Hi Ravi - I'll let some of my more technical folks chime in, but we do a bunch with RDF and have found every triplestore we've tried very limited in handling transactions. Reading and writing at the same time causes a deadlock that's a mess to keep clean. So, we went back where we started and created a triplestore using SQL with big tables of triples. We cheat a little bit with a fourth column for ID and a fifth that helps speed up blank node searching. This has helped us avoid these transactional problems we were having, and the performance is quite good for ingest.

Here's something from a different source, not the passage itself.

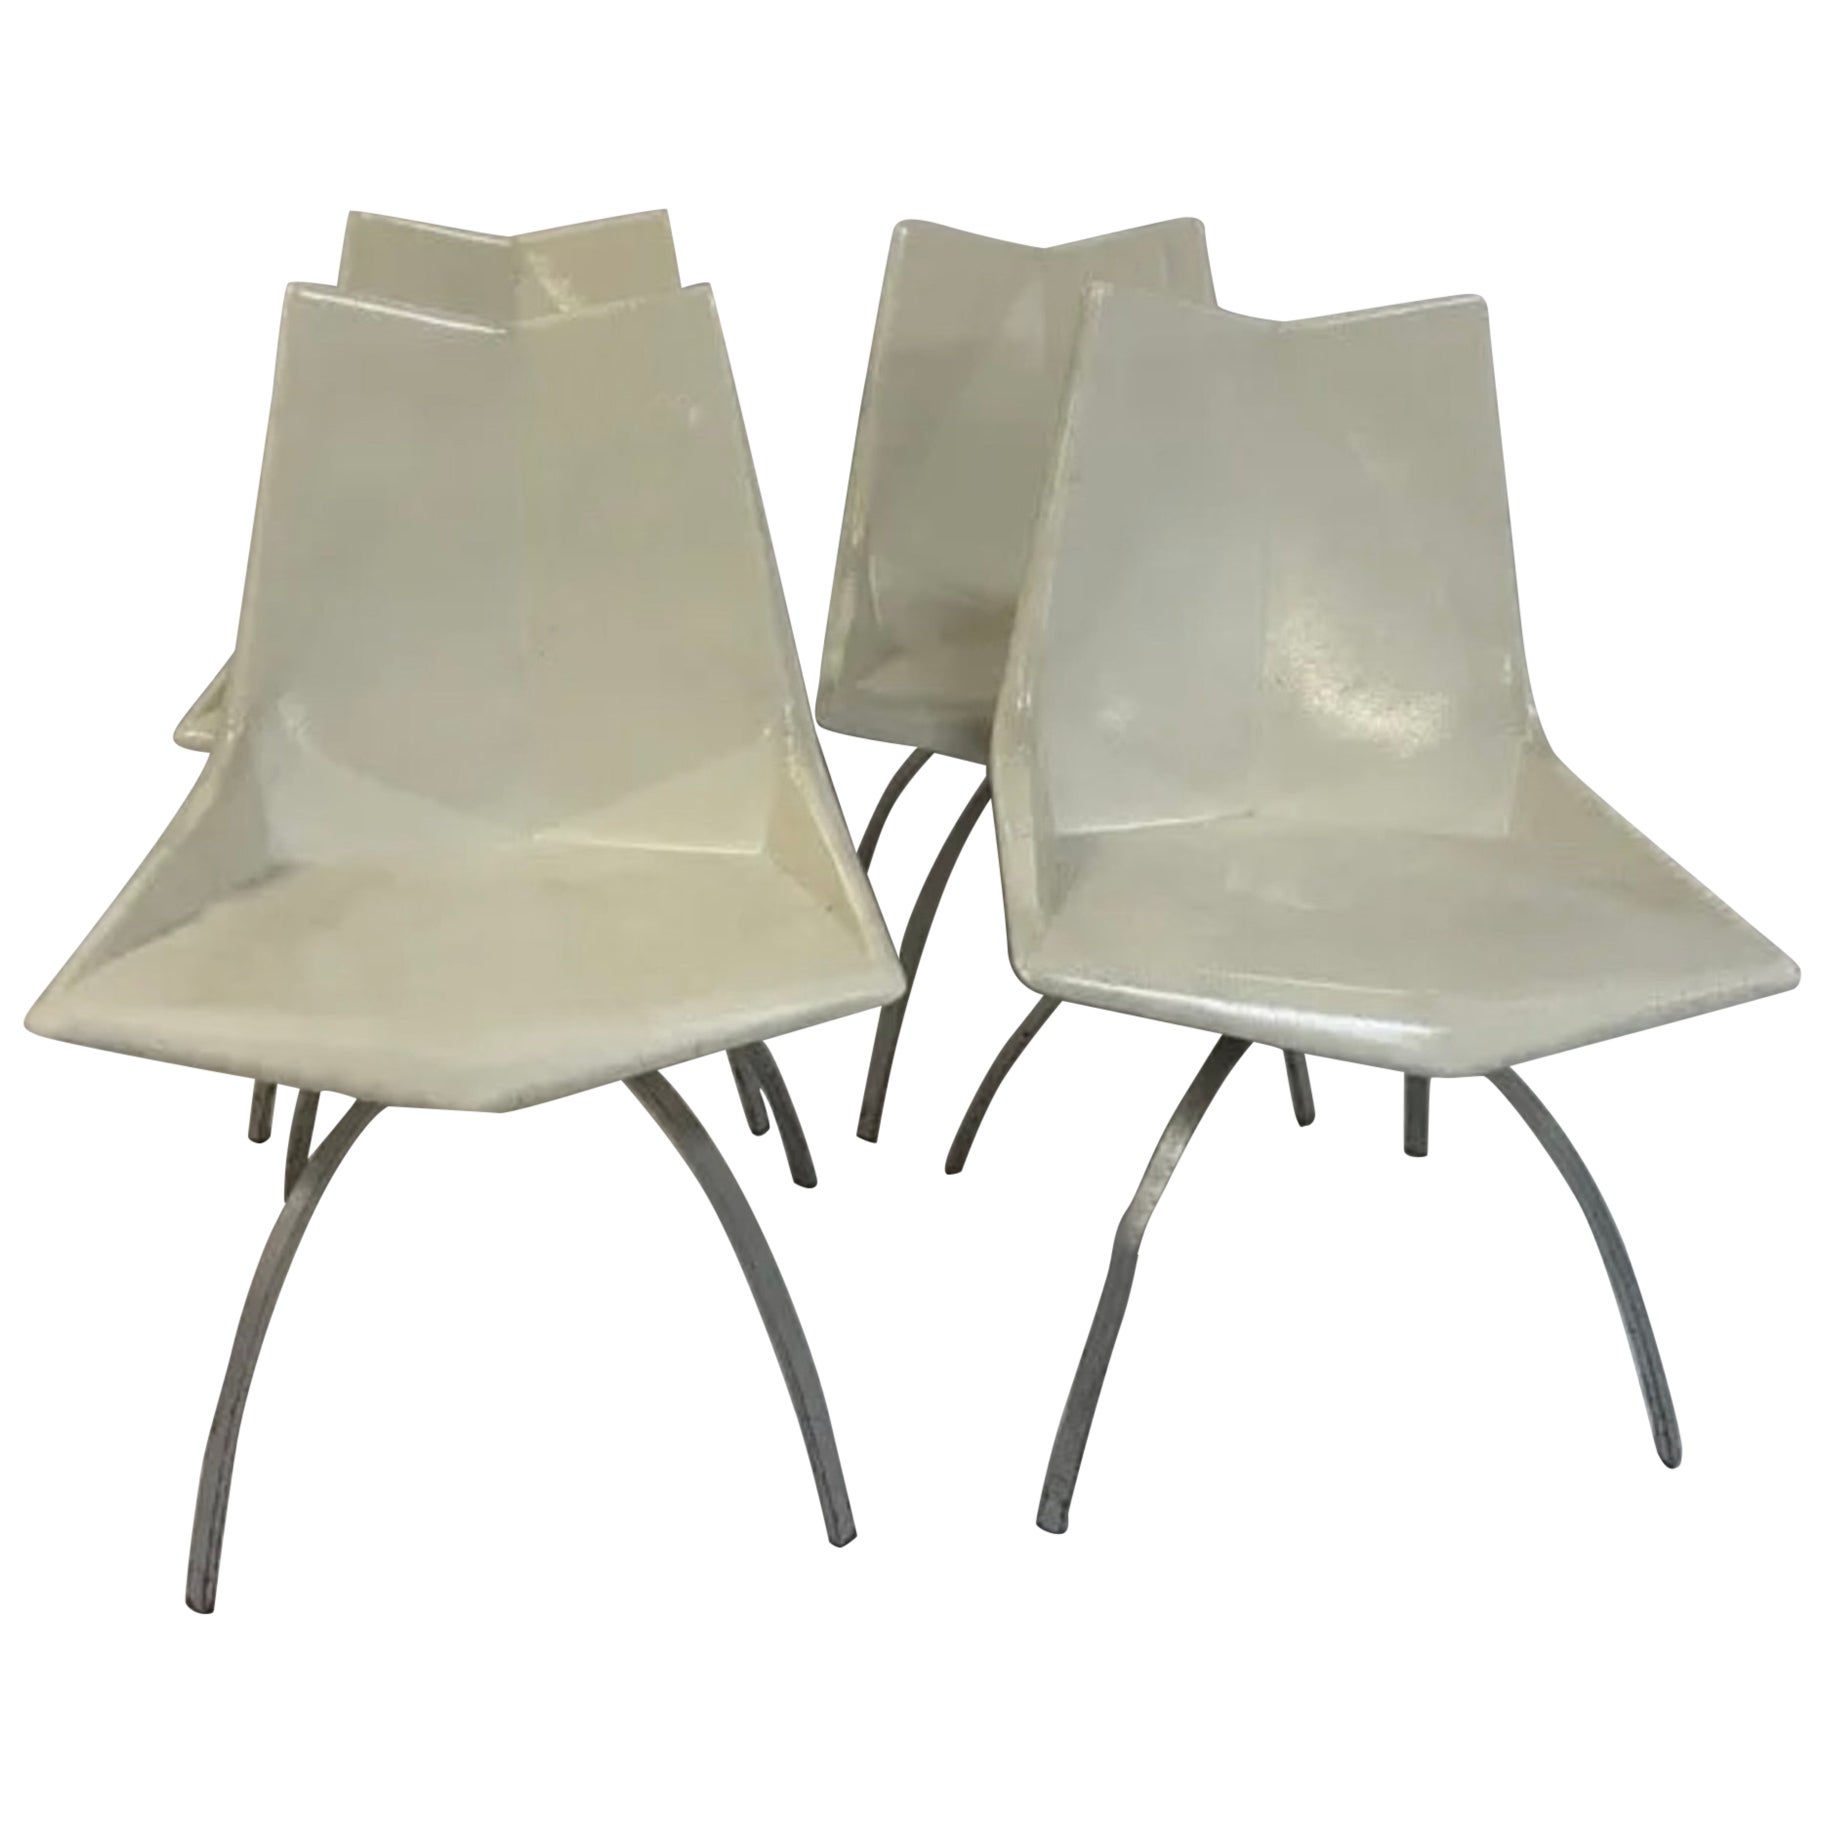 4 Original Midcentury white Paul McCobb Origami Fiberglass Chairs spider base

Most of our searching is done by stuffing the triples into solr in a JSON format, so we don't rely on the backend data store for that much. We also sync the SQL triples to Allegrograph in case we need deeper SPARQL things, but we're thinking of shedding this from our architecture.
Declan
-----Original Message-----
From: Code for Libraries [mailto:[log in to unmask]] On Behalf Of Ravi Shankar
Sent: Tuesday, May 29, 2012 12:12 AM
To: [log in to unmask]
Subject: [CODE4LIB] triple stores ???
We (DLSS at Stanford Libraries) are planning to use a triple store for storing and retrieving annotations (in RDF) on digital objects. We are currently looking at open-source triple stores such as 4store, Virtuoso, Jena SDB and Mulgara. Are you currently using a triple store or contemplating on using one? How would you evaluate 'your' triple store along the lines of 1) ease of setup, 2) scalability, 3) query performance, 3) bulk load performance, 4) access api, 5) documentation and 6) community support?
Highly appreciate your thoughts, ideas and suggestions.